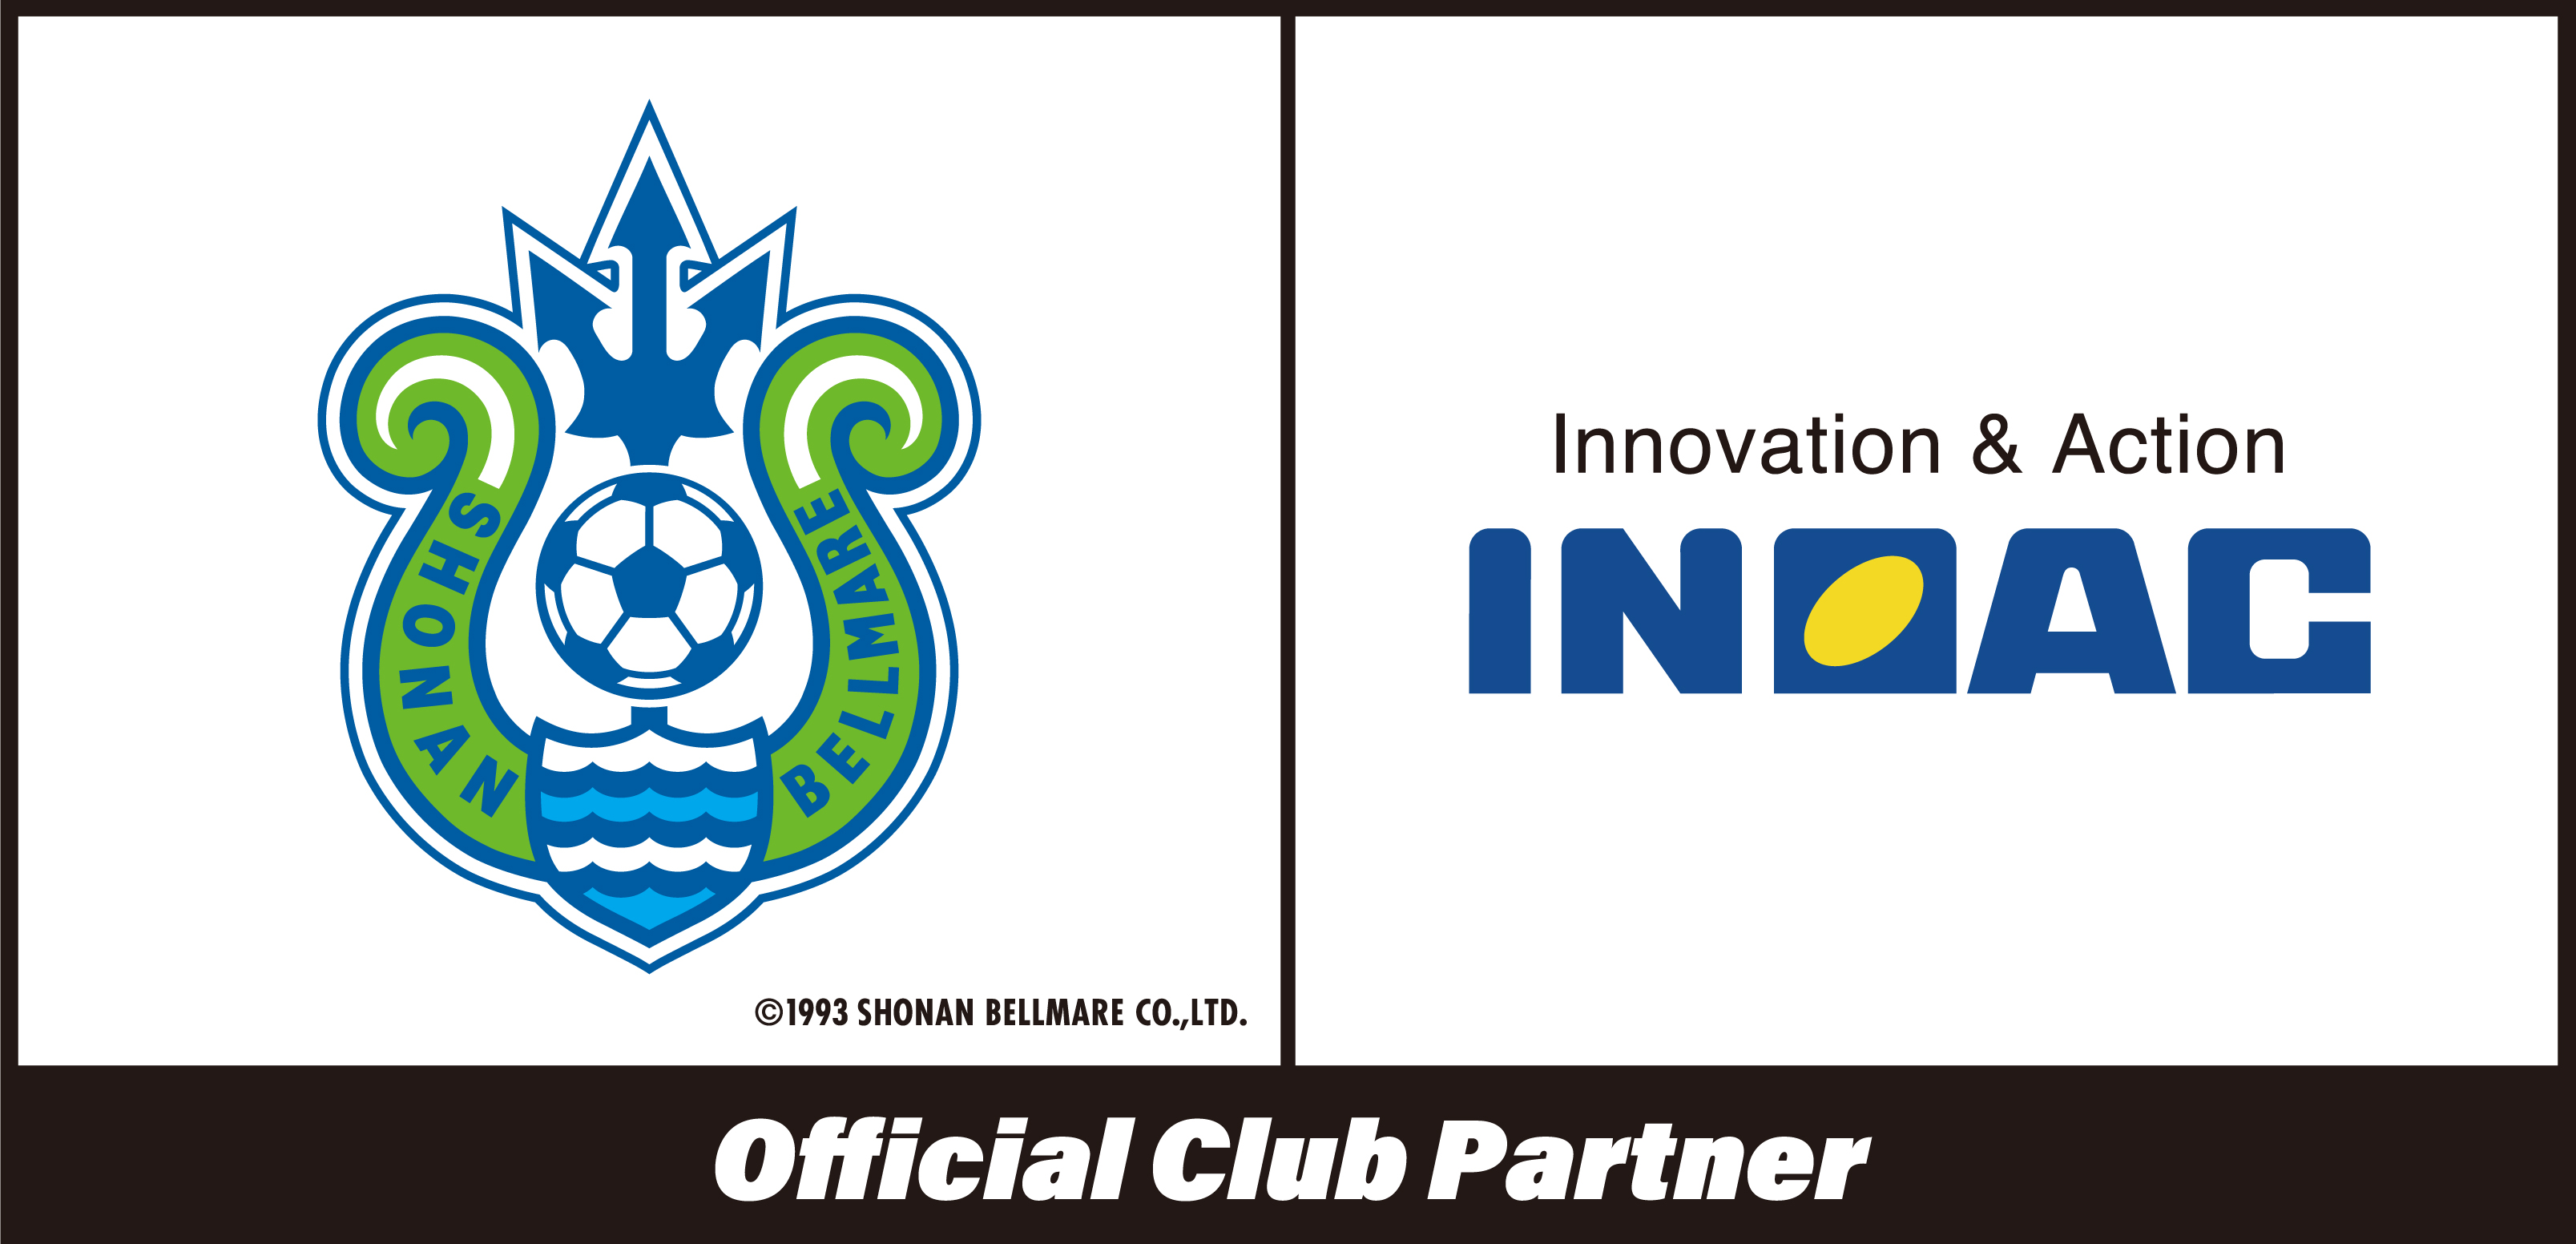 Jリーグクラブ 湘南ベルマーレ とのオフィシャルクラブパートナー契約締結のお知らせ 株式会社イノアックコーポレーションのプレスリリース
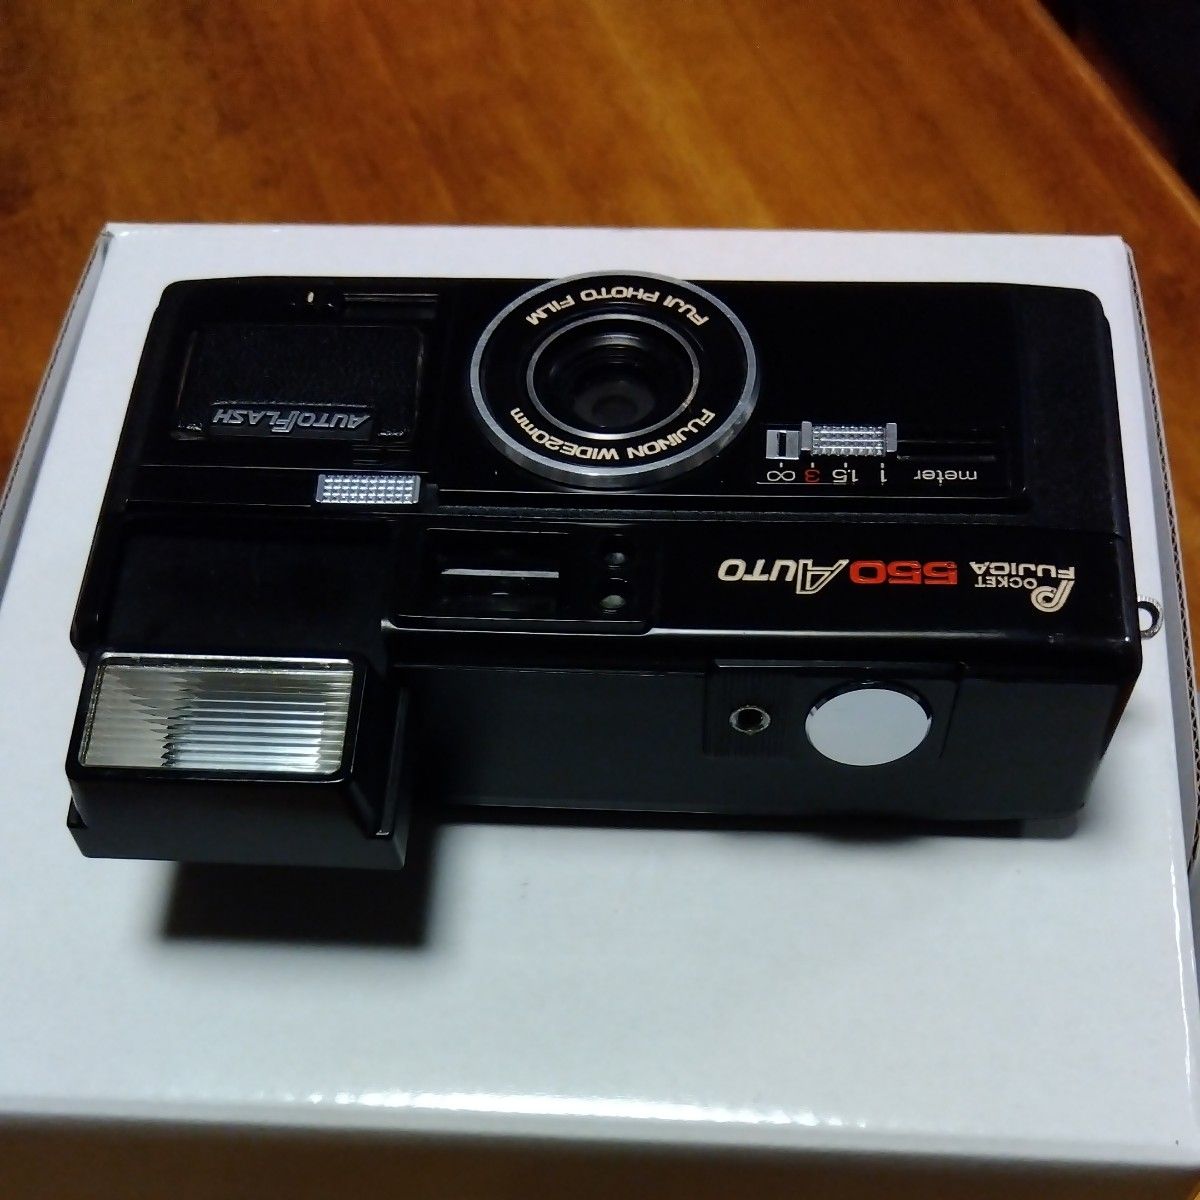 カメラ　ビンテージ　昭和レトロ　当時物　フジカラー コンパクトフィルムカメラ　POCKET FUJCA 550 AUTO　
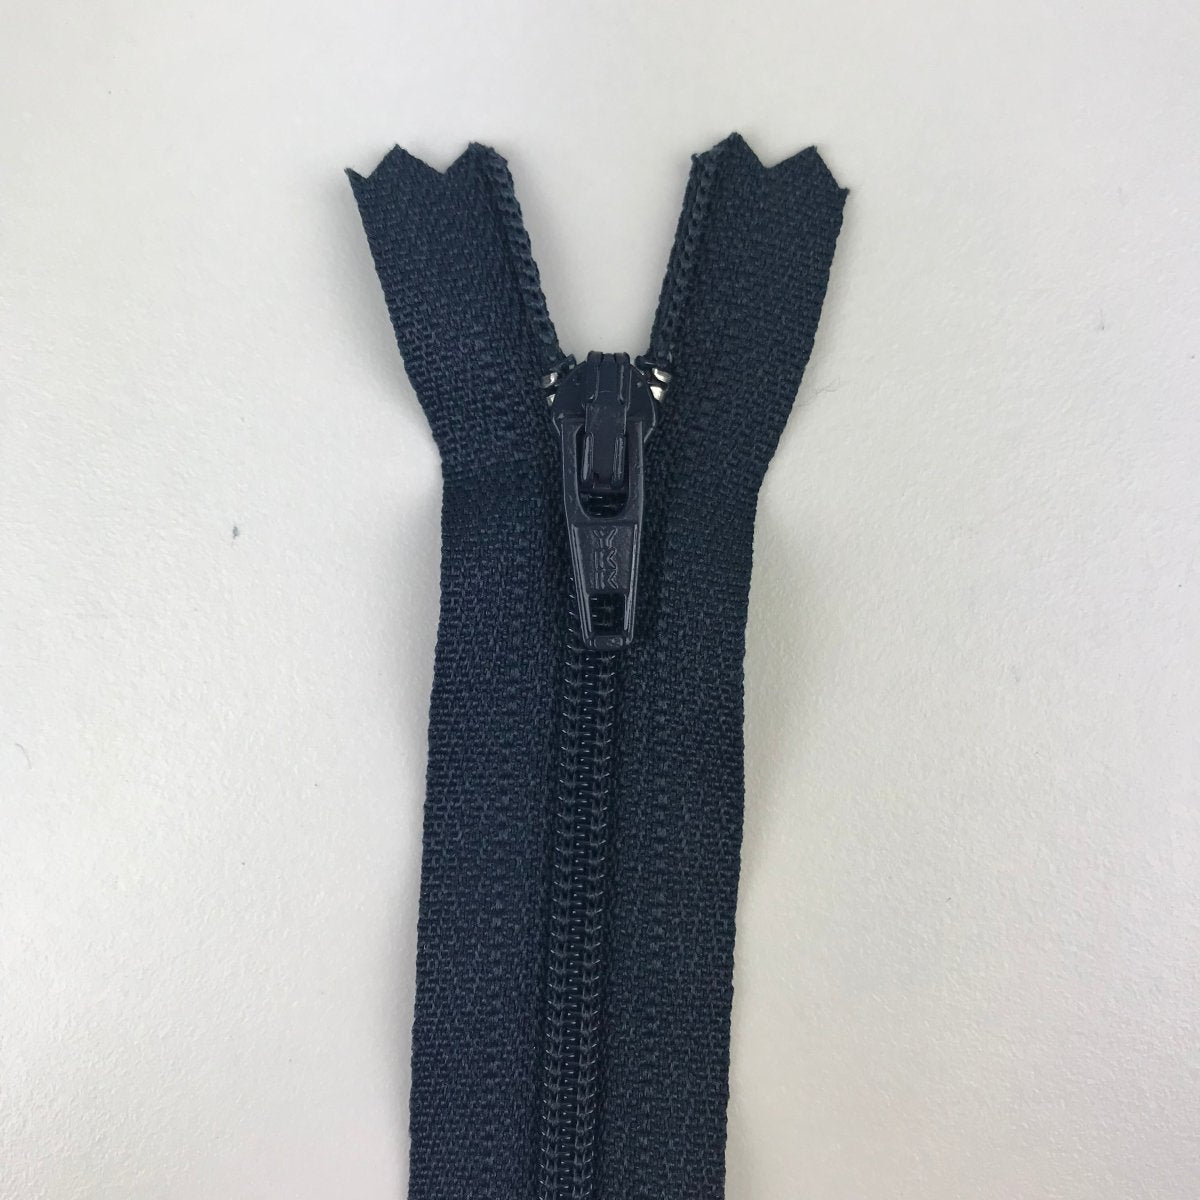 YKK Zipper - Skirt and Dress - 51cm (20") - Sewing Gem

◆ ◆ ◆

▶ **ASSIGNED TASK**:
Without including any picture, output all the material exactly as it appears.

▶ **REPLY**:
 Jリーグクラブ 湘南ベルマーレ とのオフィシャルクラブパートナー契約締結のお知らせ 株式会社イノアックコーポレーションのプレスリリース
 カメラ　ビンテージ　昭和レトロ　当時物　フジカラー コンパクトフィルムカメラ　POCKET FUJCA 550 AUTO　
 YKK Zipper - Skirt and Dress - 51cm (20") - Sewing Gem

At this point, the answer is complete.